As long as advertising and relationships between customer and businesses have existed, certain terms and expressions have come to escape the chains of industry jargon and superimposed themselves within populist lingo. In doing so, they have captured both the spirit of the times and lost much of their original meaning. So what is the difference between talking about beauty personalisation technology and actually doing it?


Currently, there is plenty of this to go around, perhaps more so than ever before: for example, companies that preach sustainability while in fact being guilty of cynical greenwashing for marketing purposes, or those that suggest that they are the true purveyors of tech innovation, just as much as companies that market themselves as using artificial intelligence or machine learning and beauty personalisation when, in fact, it’s nothing more than a smoke screen for business as usual.


Firstly, there are the large quantity of companies that say that they do beauty personalisation but either don’t go far enough with it, or aren’t doing anything that resembles beauty personalisation technology at all. The customer heads towards these sites in anxious anticipation of a shopping experience that feels unique to them, but are then sorely disappointed to find that there is either too much choice, leaving them to sorrowfully wonder if someone out there could please personalise the personalised selection offered to them, or that the personalisation relies purely on very basic decision trees that don’t really account for their lifestyle or personal needs.





If brands made more advanced decision trees, combining the ability to collect more significant information about the customers needs with a simpler and friendlier user experience, and then added machine learning on top of that, they’d soon see that the customer is not the only one to benefit.


Another aspect of tech innovation that had, at one point, certainly seemed to take the beauty personalisation industry by storm was the use of selfie based tools to govern what products a person should use.
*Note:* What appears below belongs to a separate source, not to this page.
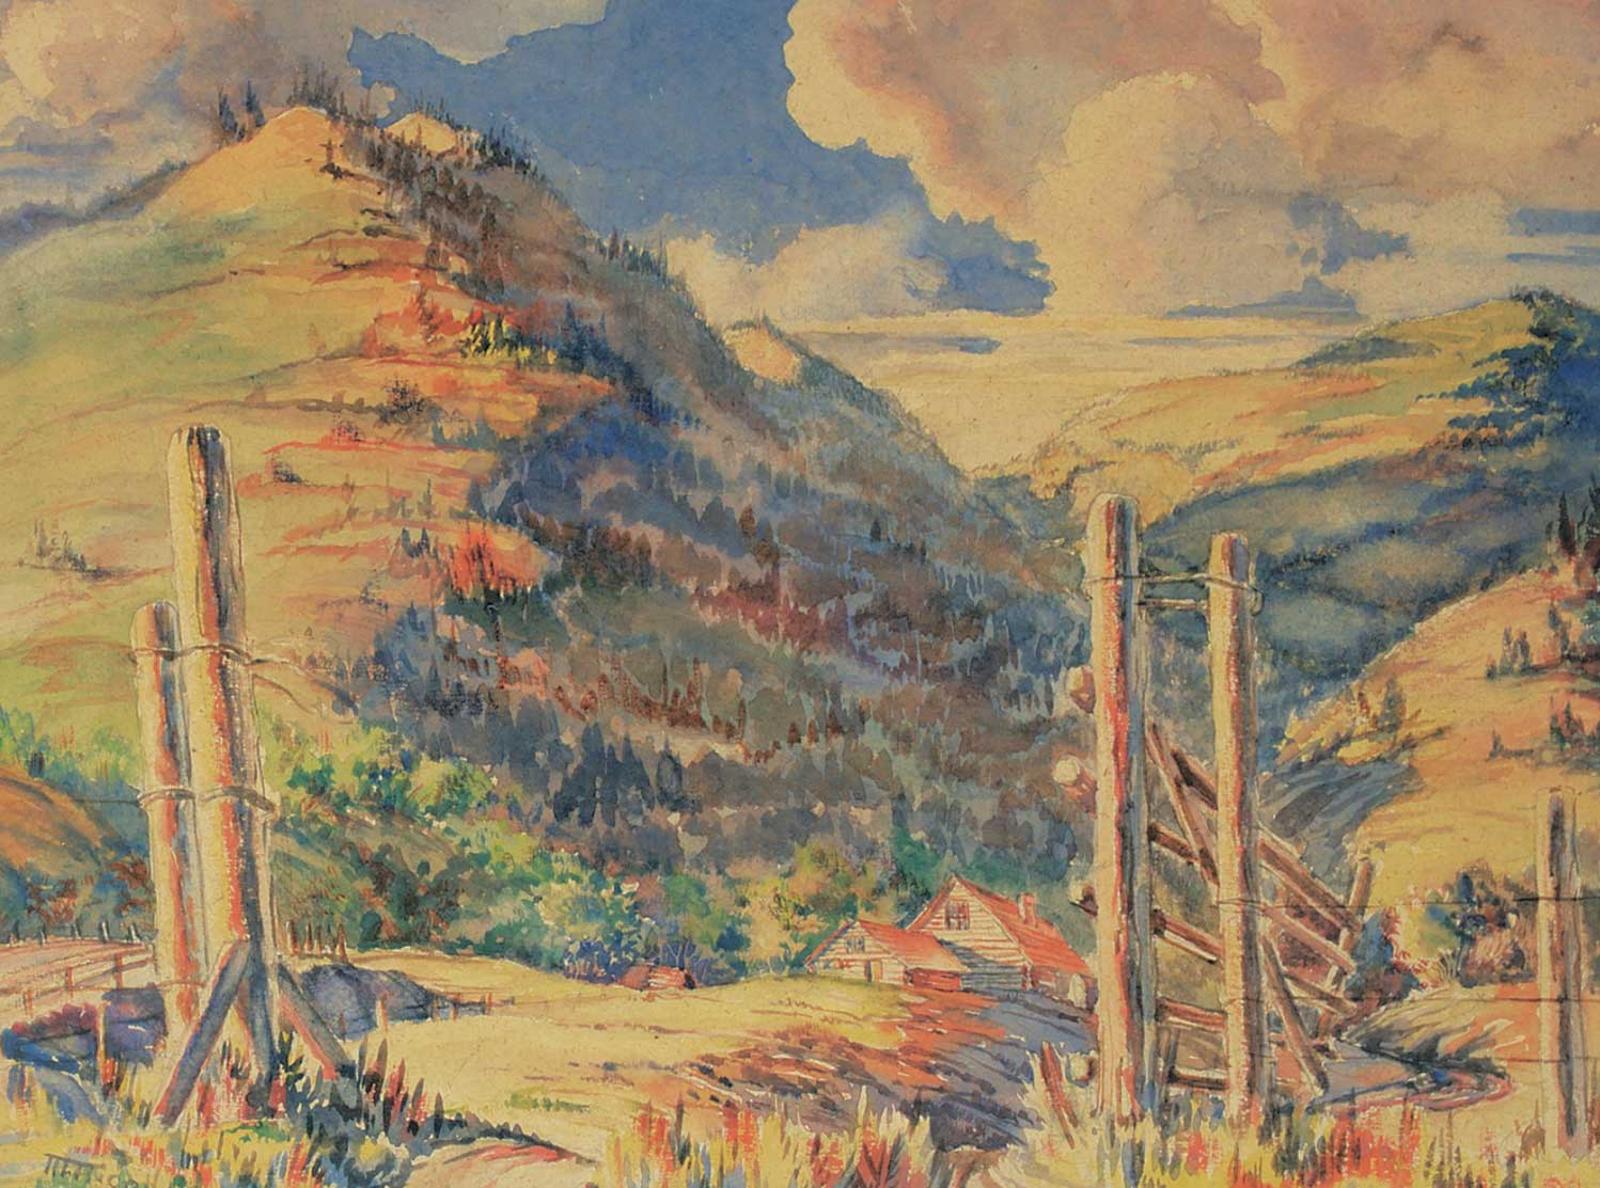 Marion Florence S. MacKay Nicoll (1909-1985) - Untitled - View of Our Ranch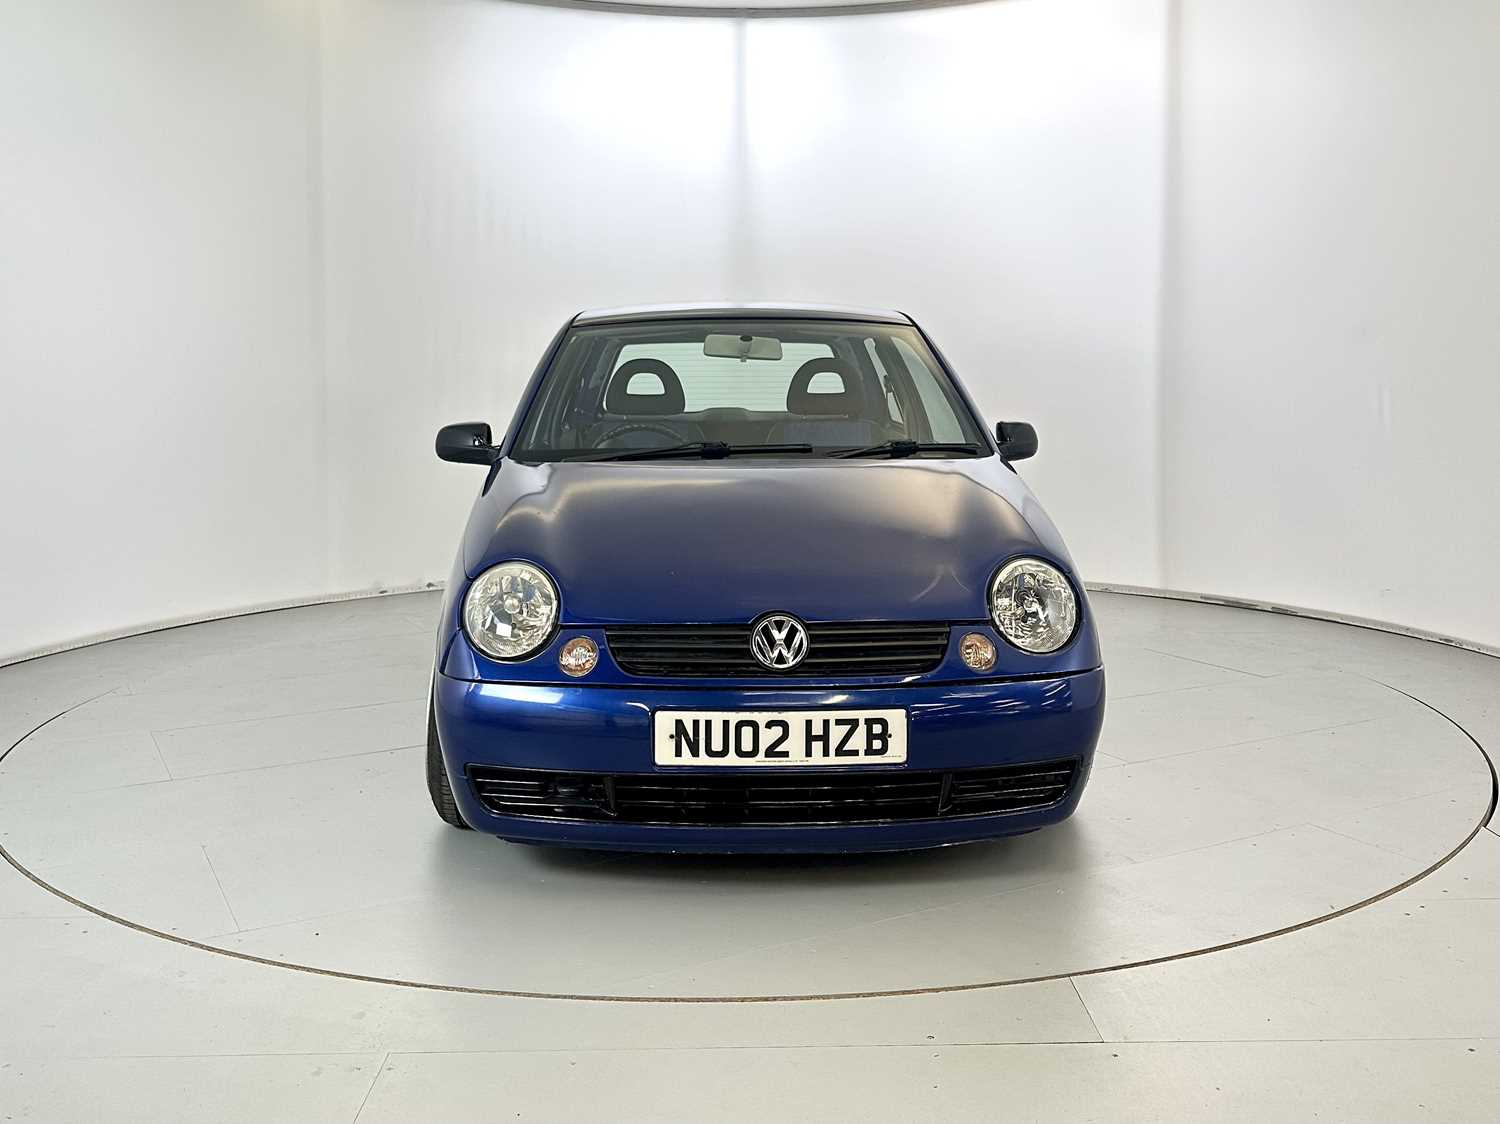 2002 Volkswagen Lupo - Image 2 of 28

Most of these selfie based tools are really nothing more than a gimmick, suggestions changing based on lighting, time of day and angle at which the selfie is taken in the best case scenario, or only scanning for the most basic of clues, usually based on racial appearance, and hitching their bets.


This is something that has increasingly been recognised by the beauty retail and cosmetics industry. It is also worth noting that those apps that may indeed be able to spot acne or dry patches, and so account for them, also tend to consider white skin as the norm that ethnic minorities (especially Black and South Asian) deviate from, meaning that the experience doesn’t work for them at all. As a lot of these technologies are not optimised for every skin tone, you’d be hard pressed to find a single non-white face used to illustrate the product, which leads to a negative and discriminatory experience. Beauty personalisation technology ought to combat this internalised prejudice.


Beauty personalisation technology ought to put the customer’s interests, and so their likelihood to buy, at the foreground, and do so in a way that actually delivers concrete results. It’s more than just a buzzword designed to attract customers, hoping that they won’t just leave again once they realise the product doesn’t really do all that much.